GovReady-Q is a governance, risk, and compliance platform for creating automated compliance processes ranging from gathering information from persons and computers to generating compliance artifacts.
Information gathering is at the heart of GovReady-Q’s guidedmodules
data model, which handles compliance apps, modules, questions, tasks,
and answers. Eight database tables make up the guidedmodules
data
model. The complete data model spans three categories:
Compliance apps, which are reusable packages of questions, business logic, and document templates, are defined by the database tables
AppSource
,AppVersion
,Module
,ModuleQuestion
, andModuleAsset
. Many compliance apps, and different versions of the same compliance app, can be in use simultaneously.Information submitted by end-users to answer compliance app questions, as well as information submitted through the GovReady-Q API, is stored in the database tables
Task
,TaskAnswer
, andTaskAnswerHistory
.Imputed answers and documents generated by the business logic stored in compliance apps, which are computed on-the-fly.
The tables are described is additional detail below and their relationships are summarized in the following diagram:
Note
The image above was generated with:
python3 manage.py graph_models guidedmodules --disable-sort-fields -X InstrumentationEvent > diagram.dot
dot diagram.dot -Tsvg > diagram.svg
Compliance Apps (Questions, Business Logic, and Templates)¶
The smallest unit of a compliance app is a Question
. Questions come
in different types, such as text, number, and date (full
list). Questions are grouped into questionnaires called
Modules
. And Modules are grouped into AppVersion
, which are the
versions of a compliance app that are loaded into the GovReady-Q
database. AppVersions are loaded from AppSources, which define how to
load compliance apps from remote sources such as GitHub or an
on-premises enterprise source control system.
AppVersion
, Modules
, and Questions
define the structure of a
compliance app but do not store any user-submitted content. Separating
structure from content is a common pattern in application design and is
motivated by several GovReady-Q goals:
Compliance apps are reusable and can be easily loaded into different installs of GovReady-Q at different organizations.

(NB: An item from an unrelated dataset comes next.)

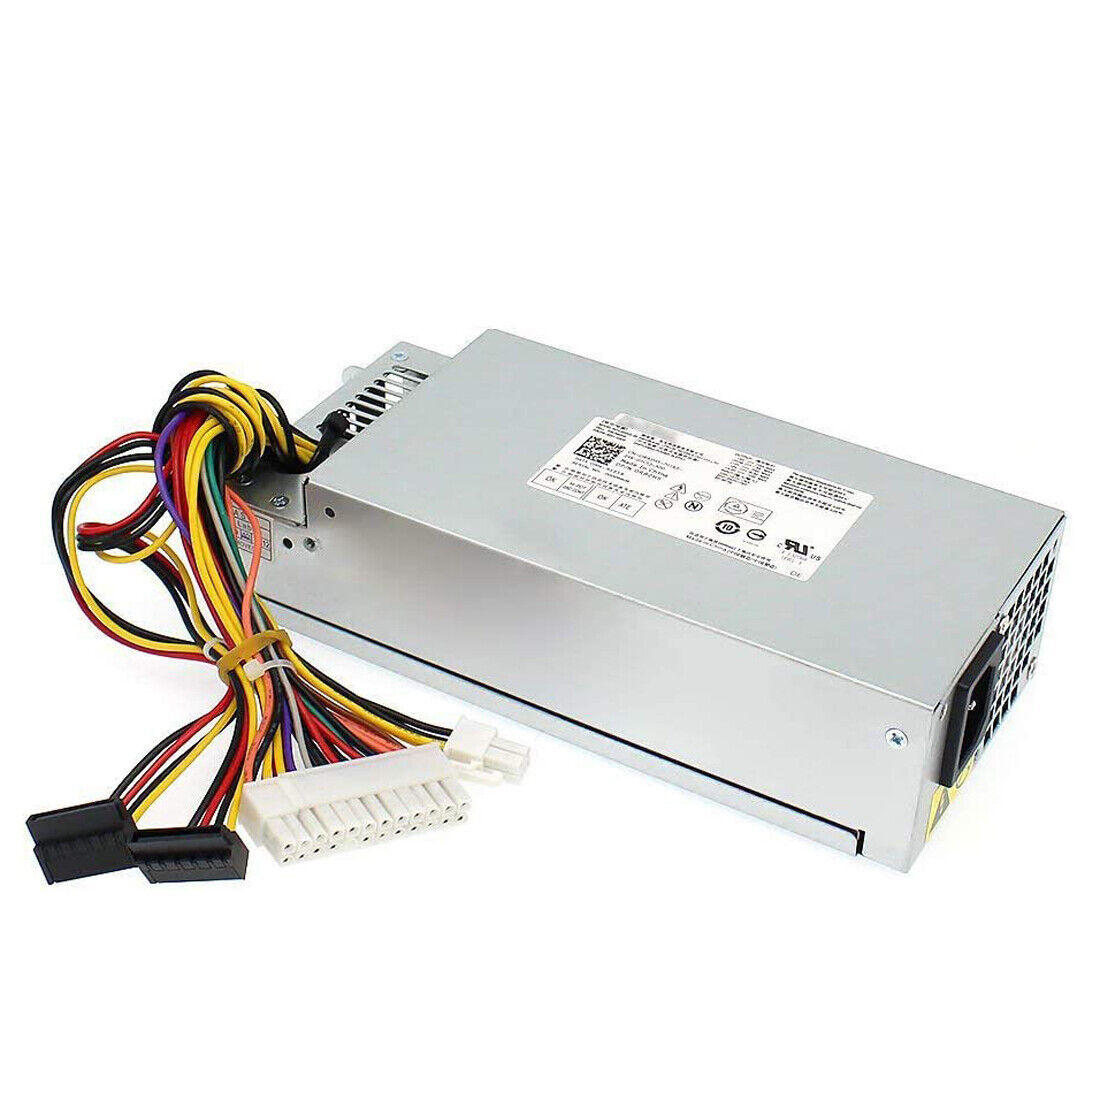 Power Supply For Dell Inspiron 3647 660S 220W 650WP H220NS-00 89XW5 R82H5 R5RV4

Anyone can author compliance apps and they can be kept private or shared publicly.
One type of Question allows the user to choose a complete set of answers to another Module, which allows question answers (i.e. user data) to be accessed from the business logic and templates of not only the Modules the Questions are defined in but also from other Modules and even other compliance apps.
Compliance apps are versioned and apps that have been started by users can be updated in non-destructive ways, preserving answered questionnaires over the course of years,
GovReady-Q administrators will configure GovReady-Q with an
AppSource
record for each source of compliance apps that will be
made available to GovReady-Q users. Each AppSource has a “slug,” which
is its unique name on the GovReady-Q installation. An AppSource also
defines a remote location — such as a GitHub repository, local
directory, or on-premise git server — to query for compliance apps,
which will be listed in the app catalog. A typical GovReady-Q
installation might have one AppSource providing compliance apps
published by GovReady PBC and a second AppSource for providing
compliance apps defined by the organization. Each AppSource defines the
remote location as well as local permissions such as which compliance
apps in the store to make available to GovReady-Q users and
Organizations. See App Sources for more
information.
Each time a compliance app is started by a user, an AppSource
is
queried for the latest version of the selected compliance app and an
AppVersion
is created that holds the complete set of questions,
business logic, and templates defined in that version of the compliance
app. Therefore there will be a separate AppVersion in the database for
every version of every compliance app being used by GovReady-Q users.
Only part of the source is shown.